With recent improvement in integration density, performance, and operation speed of semiconductor devices, there has been a growing demand for smaller semiconductor devices. In response to this demand, various device structures have been proposed to reduce the area occupied by transistors on a substrate. Among others, field effect transistors having a fin-type structure have attracted attention as a device structure implementing a reduced occupied area. The field effect transistors having a fin-type structure are generally called fin-type field effect transistors (FETs). The fin-type field effect transistors have an active region made of a thin, wall (fin)-shaped semiconductor region (hereinafter, referred to as a fin-type semiconductor region) extending perpendicularly to a principal surface of a substrate. Since the side surfaces of the fin-type semiconductor region can be used as a channel plane, the occupied area of the transistor on the substrate can be reduced (see, e.g., PATENT DOCUMENT 1).
Examples of a method for introducing impurities into the upper and side surfaces of a fin-type semiconductor region include an ion implantation method and a plasma doping method. Recent study shows that conformal doping of the upper and side surfaces of the fin-type semiconductor region improves characteristics of fin-type FETs, and a plasma doping method has gained attention as a method of conformal doping. For example, pulsed DC (Direct Current) plasma technology has been proposed as a plasma doping method used for conformal doping (see NON-PATENT DOCUMENT 1).

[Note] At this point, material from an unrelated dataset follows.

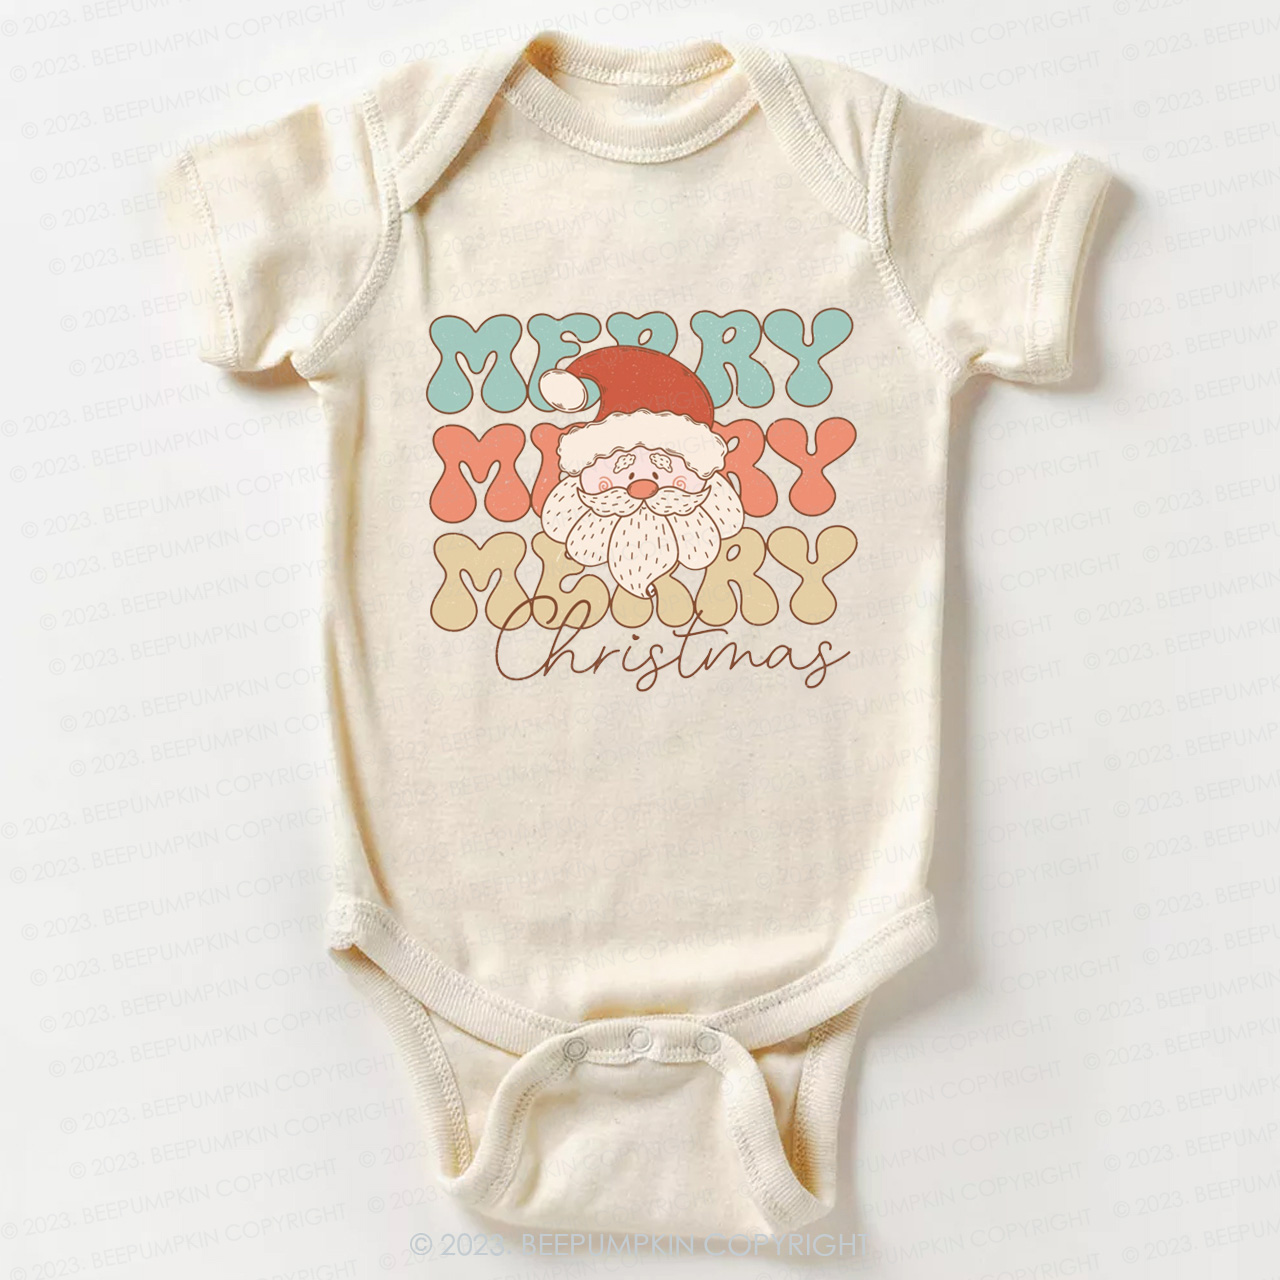 Merry Christmas Retro Santa Bodysuit For Baby Beepumpkin

FIG. 12 is a schematic perspective view showing the shapes of impurity regions right after a doping process for forming extension regions was performed in a manufacturing process of a fin-type FET in which a fin-type semiconductor region has a relatively large length in the gate width direction. In this example, the length of the fin-type semiconductor region in the gate width direction is about the same as the height of the fin-type semiconductor region (length in the gate width direction:height=1:1). As shown in FIG. 12, a gate insulating film 104 is formed so as to cover the upper surface and both side surfaces of a predetermined portion of a fin-type semiconductor region 100, and a gate electrode 105 is formed on the gate insulating film 104. Impurity regions 101, 102, and 103 are formed in a part of the fin-type semiconductor region 100 which is not covered by the gate electrode 105. The impurity region 101 is formed in the upper part of the non-covered part of the fin-type semiconductor region 100, the impurity region 102 is formed in the left side of the non-covered part of the fin-type semiconductor region 100, and the impurity region 103 is formed in the right side of the non-covered part of the fin-type semiconductor region 100. Note that the fin-type semiconductor region 100 has a length of 65 nm in the gate width direction and a height of 65 nm. The gate electrode 105 has a gate length of 38 nm.
FIG. 13 is a schematic perspective view showing the shapes of the impurity regions after the fin-type FET of FIG. 12 (which had already been subjected to the doping process) was annealed. As shown in FIG. 13, impurities in the impurity region 101 of FIG. 12 diffuse to form an impurity region 111 in the upper part of the fin-type semiconductor region 100. Impurities in the impurity region 102 of FIG. 12 diffuse to form an impurity region 112 in the left side of the fin-type semiconductor region 100, and impurities in the impurity region 103 of FIG. 12 diffuse to form an impurity region 113 in the right side of the fin-type semiconductor region 100. In this annealing process, impurities in the impurity regions 101 and 102 of FIG. 12 diffuse intensively into the upper left corner of the fin-type semiconductor region 100, and impurities in the impurity regions 101 and 103 of FIG. 12 diffuse intensively into the upper right corner of the fin-type semiconductor region 100. As a result, relatively highly doped impurity regions 114 and 115 are formed in the upper left corner and the upper right corner of the fin-type semiconductor region 100, respectively.
In the fin-type FET of FIG. 13, an ON-state current flows intensively in the upper left corner and the upper right corner of the fin-type semiconductor region 100. In other words, the fin-type FET of FIG. 13 has an uneven ON-state current, although the uneven impurity concentration in the extension regions has not been identified as a cause of this problem.
Regarding this problem, it has been reported that operation reliability of the fin-type FET is ensured by providing a curvature to the upper corners of the fin-type semiconductor region.